Figure 6. Effect of Orai1 inhibition osteoblast differentiation

Each assay shows expression relative to GAPDH mRNA in the same sample, mean ±SD, n=3. Differences were examined by analysis of variance. Repeat experiments gave similar results (not shown). A. Expression of a transcriptional regulator of osteoblast differentiation, RUNX2. Human osteoblasts in growth medium (Gr), or in medium supplemented with ascorbate, glycerol-2-phosphate and hydrocortisone (Dif) are compared, without or with the Orai1 inhibitor DCPA (50 μM).
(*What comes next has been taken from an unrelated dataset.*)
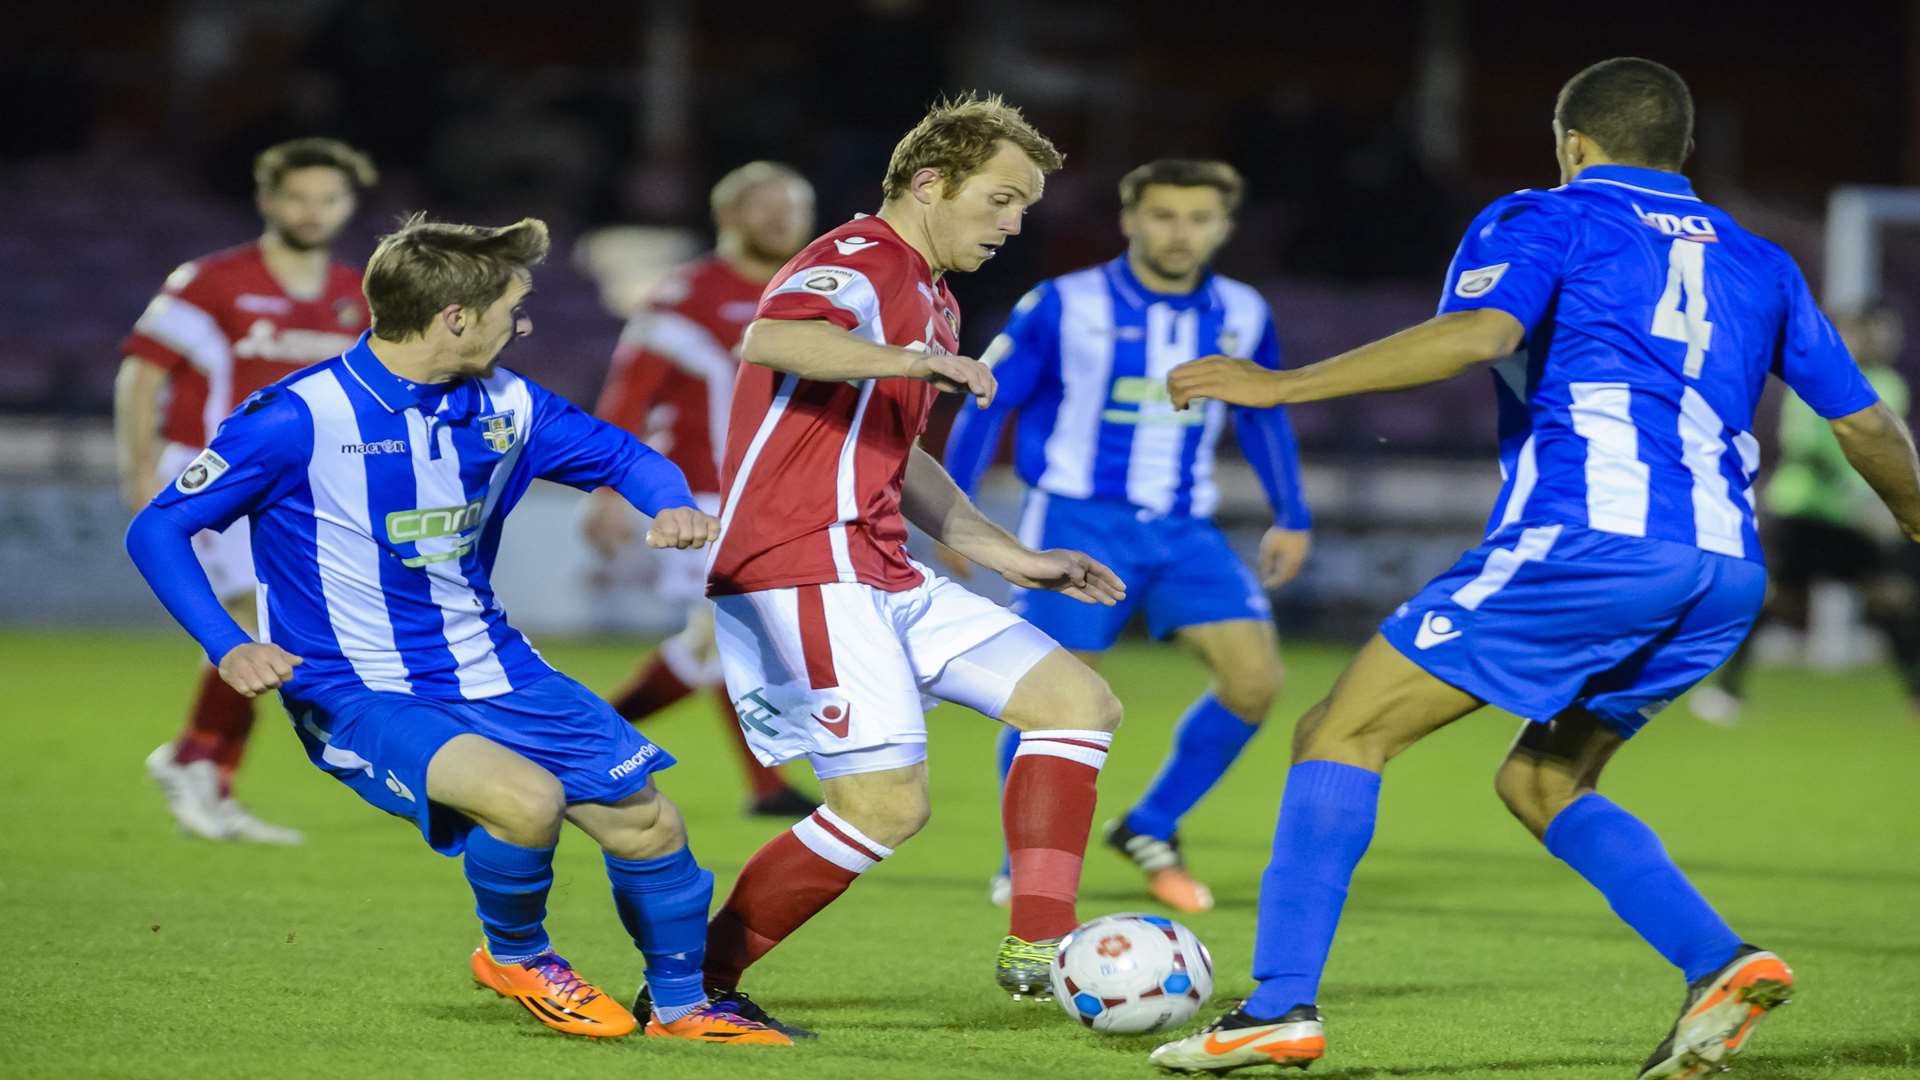 Stuart Lewis on the ball for Ebbsfleet against Bishop's Stortford Picture: Andy Payton

Cells in mineralizing medium for 2 weeks showed significant up-regulation of RUNX2 compared to cultures in growth medium (p<0.001 without DCPA, p<0.01 with DCPA). The increase in RUNX2 with mineralizing medium was reduced by DCPA (p<0.001). While RUNX2 expression appeared lower in mineralizing medium at 21 days compared to 14 days, osteoblast RUNX2 expression was still significantly elevated (p<0.01) in the absence of DCPA. RUNX2 expression by osteoblasts in mineralizing medium plus DCPA for 21 days was not significantly different from pre-treatment or growth medium control cells. B. Alkaline phosphatase mRNA. Alkaline phosphatase was significantly increased after 14 (p<0.001) or 21 days (p<0.001) in mineralizing medium compared to growth controls. Alkaline phosphatase expression by osteoblasts in mineralizing medium plus DCPA was reduced relative to mineralizing medium alone (p<0.01). C. Expression of type 1 collagen (Col1A1). Expression was increased for osteoblasts in mineralizing medium (p<0.001) at 14 days. This increase was strongly attenuated by DCPA (p<0.001), though DCPA-treated cells in mineralizing medium expressed 30% more Col1A1 than cells in growth medium with DCPA (p<0.05). At 21 days, a reduced but still significant increase in Col1A1 expression was apparent in mineralizing medium without DCPA (p<0.01) but collagen expression in cultures with DCPA was no longer significantly elevated compared to cells in growth medium. D. Expression of osteoclast regulatory proteins. RANKL and osteoprotegerin mRNA was assayed in human osteoblasts in growth (Gr) or mineralizing medium (Dif), with or without DCPA, for 14 days. Unlike markers of osteoblastic differentiation, expression of RANKL and osteoprotegerin did not vary significantly with DCPA.